Bold represents P < 0.05.
Further analysis showed that neither biomarkers’ baseline values, pain, PGADA, nor KOOS subscales differentiated polyOA subjects from mono-osteoarthritis (monoOA) subjects.
Knee OA Progressors
A total of 29.3% of the patients showed an increase in WORMS total score (Δ ≥ 2), 38.4% had an increase in subarticular BML subscore (Δ ≥ 1), 16.2% in articular cartilage integrity subscore (Δ ≥ 1), and only 7.1% in synovitis/effusion subscore (Δ ≥ 1). A total of 34.0% and 31.5% were pain (VAS) and KOOS progressors, respectively ( Table 4 ). The proportion of progressors and nonprogressors were similar among the total PRODIGE population, polyOA and monoOA subgroups for all progression criteria except for total WORMS score. The presence of polyOA was strongly associated with total WORMS progression at 1 year (P = 0.01).
Table 4.
Number and Percentages of Progressors and Nonprogressors According to Structure (WORMS), Pain and Function for the Whole Population and for “PolyOA” and “MonoOA” Subgroups a .

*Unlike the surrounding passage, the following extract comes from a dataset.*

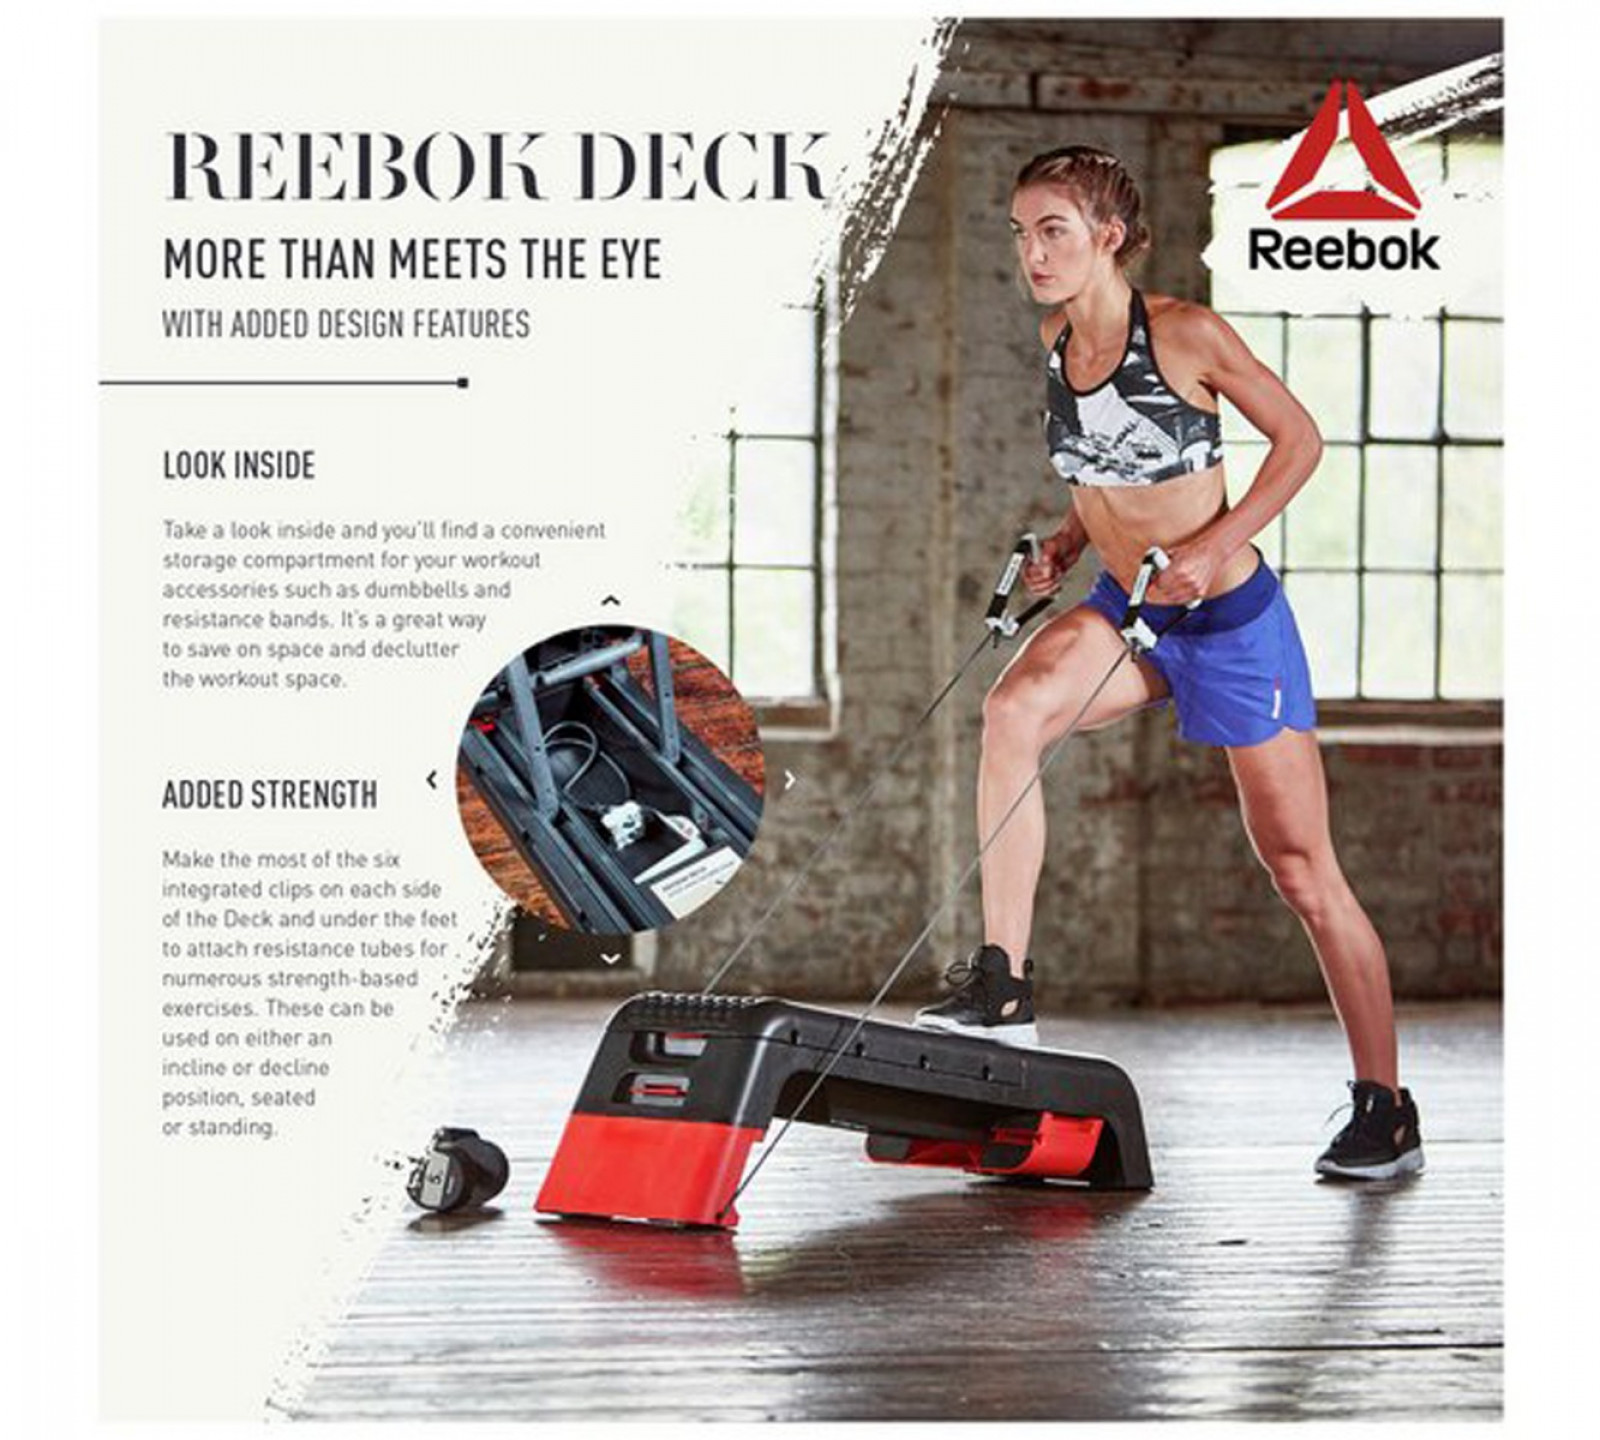 reebok deck aerobic step and training bench

| Subgroup | OA Progressor | Noniprogressor | P Value (Fisher) | |
|---|---|---|---|---|
| Structural (WORMS) | ||||
| WORMS total | All population | 29 (29.3%) | 70 (70.7%) | |
| PolyOA | 27 (36.5%) | 47 (63.5%) | 0.33 | |
| MonoOA | 2 (8%) | 23 (92%) | <0.05 b | |
| Bone marrow lesion | All population | 38 (38.4%) | 61 (61.6%) | |
| PolyOA | 32 (43.2%) | 42 (56.8%) | 0.53 | |
| MonoOA | 6 (24%) | 19 (76%) | 0.10 | |
| Cartilage | All population | 16 (16.2%) | 83 (83.8%) | |
| PolyOA | 11 (14.9%) | 63 (85.1%) | 1 | |
| MonoOA | 5 (20%) | 20 (80%) | 0.54 | |
| Effusion | All population | 7 (7.1%) | 92 (92.9%) | |
| PolyOA | 6 (8.1%) | 68 (91.9%) | 1 | |
| MonoOA | 1 (4%) | 24 (96%) | 0.67 | |
| Pain and function | ||||
| Pain (VAS) | All population | 32 (34.0%) | 62 (66.0%) | |
| PolyOA | 27 (38.6%) | 43 (61.4%) | 0.62 | |
| MonoOA | 5 (20.8%) | 19 (79.2%) | 0.14 | |
| KOOS | All population | 34 (31.5%) | 74 (68.5%) | |
| PolyOA | 25 (30.5%) | 57 (69.5%) | 1 | |
| MonoOA | 9 (34.6%) | 17 (65.4%) | 0.81 | |
OA = osteoarthritis; WORMS = Whole-Organ Magnetic Resonance Imaging Score; VAS = Visual Analogue Scale.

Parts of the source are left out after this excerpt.